┏━━

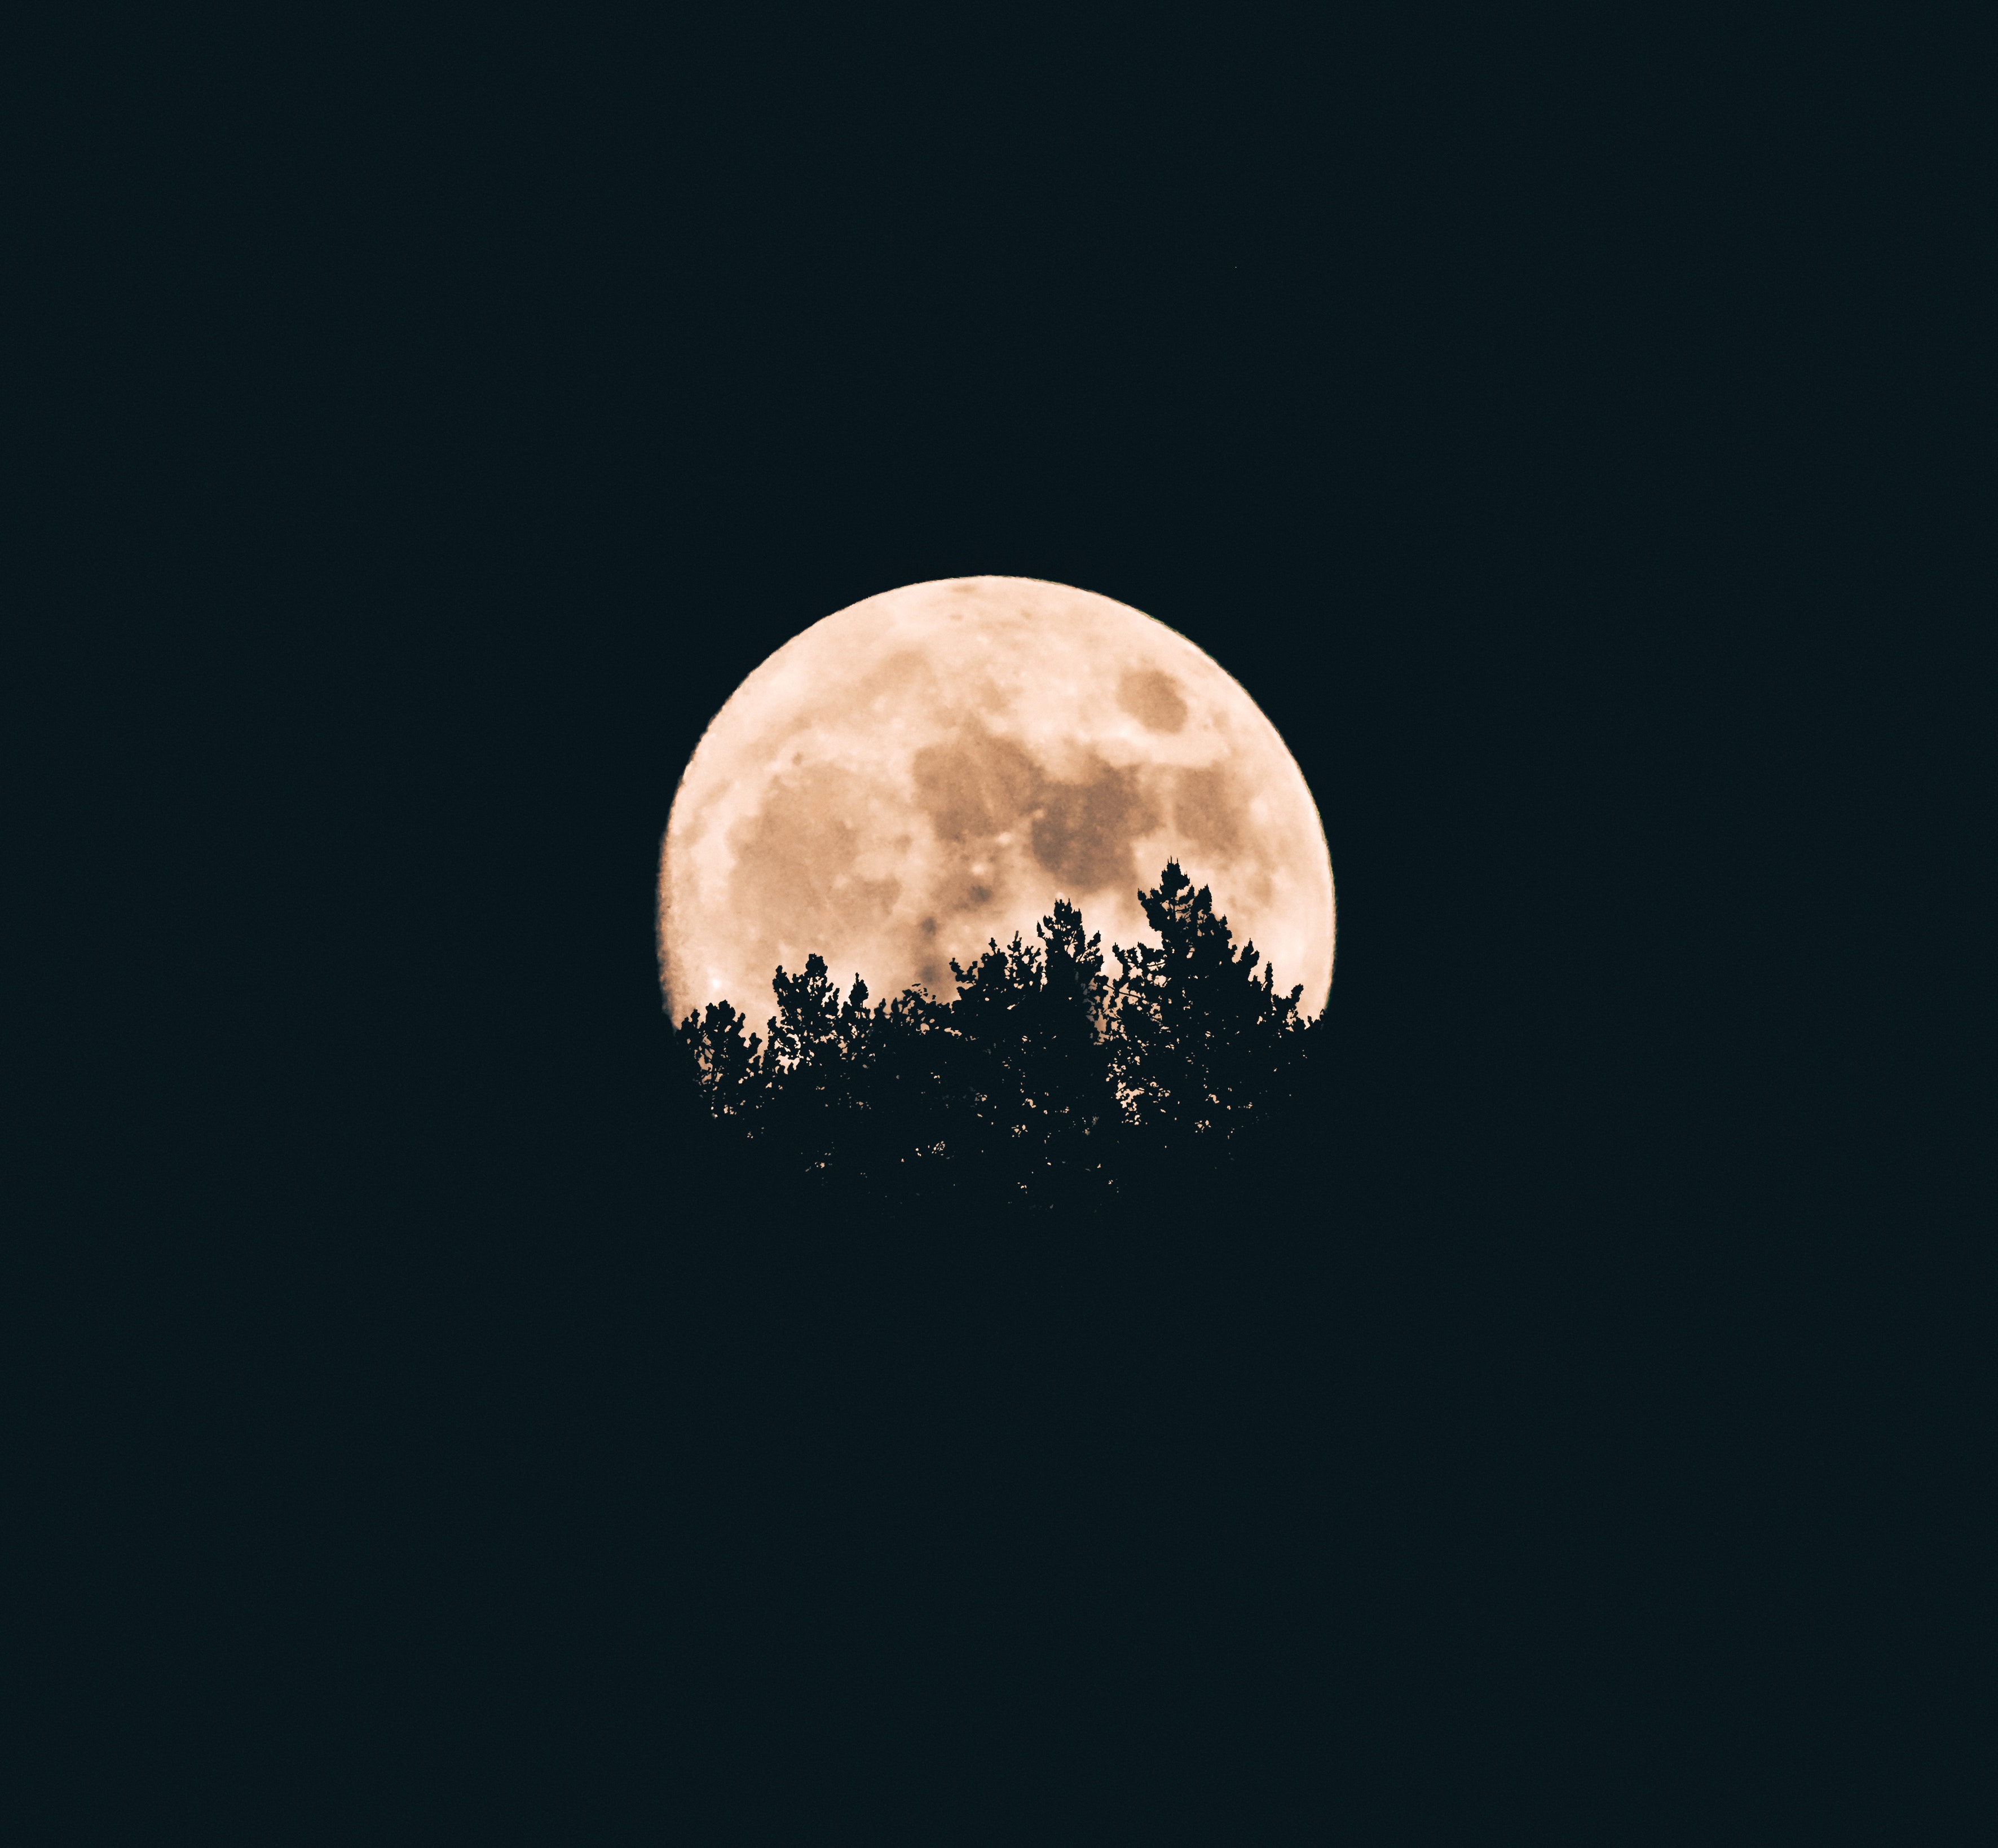 3543x3277 tree, sky, night, moon, forest, full moon, wallpaper, silhouette, nature, dark, woodland, fullmoon, Free picture Gallery HD Wallpaper
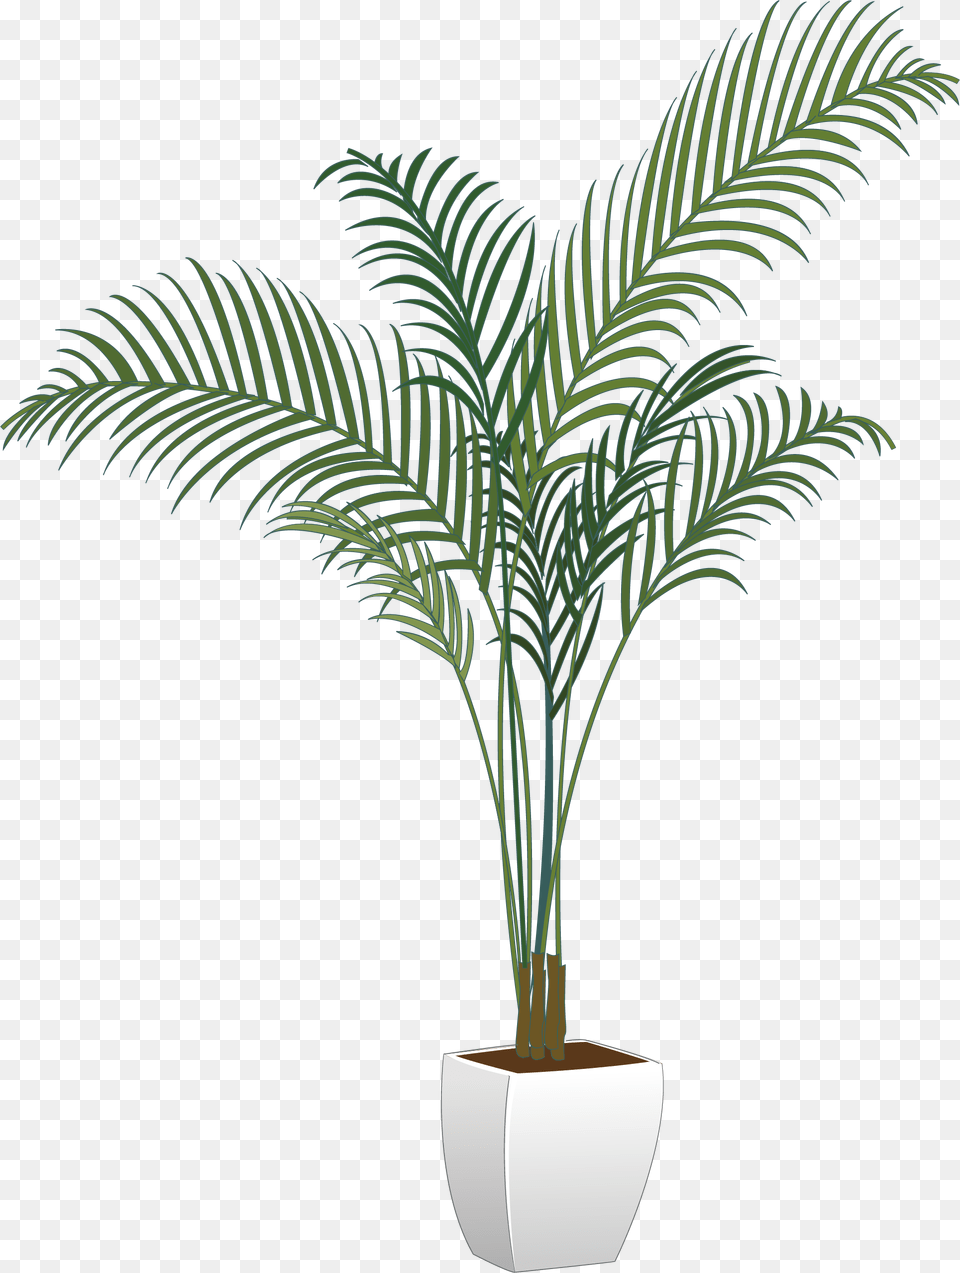 Background Pot Plant, Palm Tree, Tree, Leaf, Potted Plant Png Image
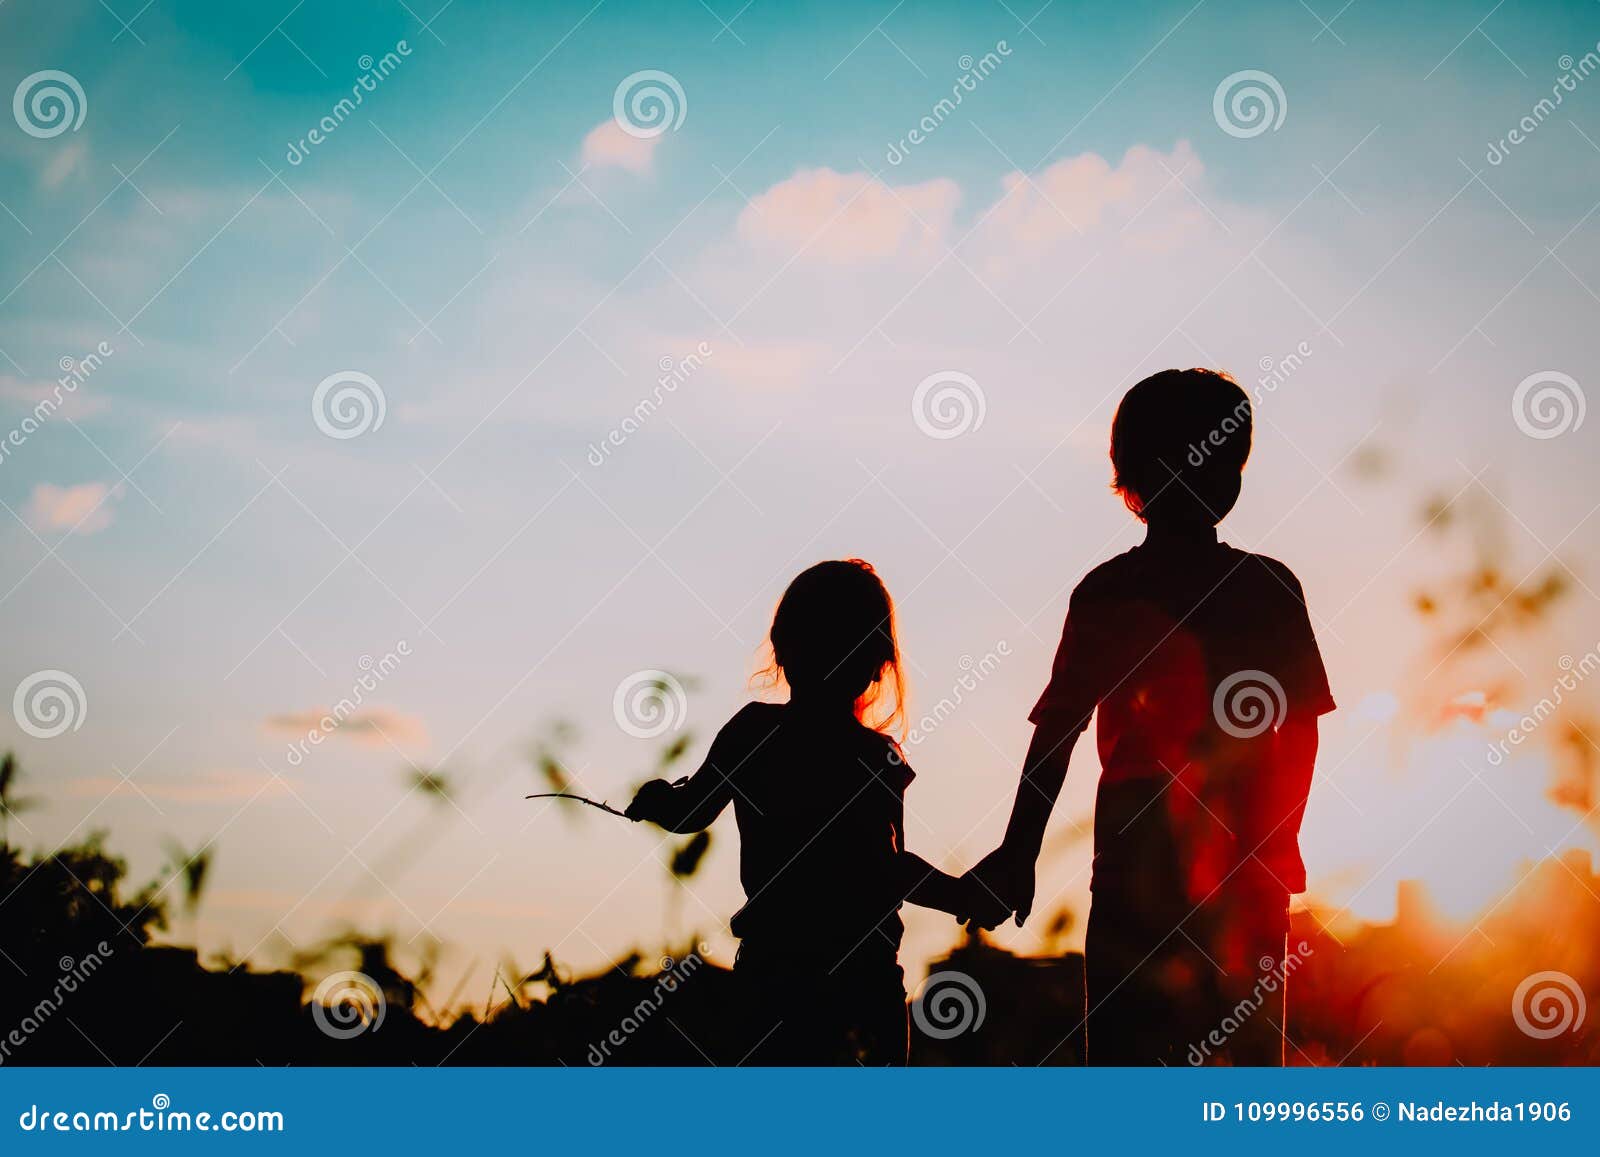 Little Boy and Girl Silhouettes Holding Hands at Sunset Stock ...

┗━━

| WHAT IS BEING ASKED |
Find the line containing "Background Pot Plant, Palm" and copy it and each line after it through the end of the material, exactly, with no pictures.

| WRITTEN ANSWER |
 Background Pot Plant, Palm Tree, Tree, Leaf, Potted Plant Png Image
 Little Boy and Girl Silhouettes Holding Hands at Sunset Stock ...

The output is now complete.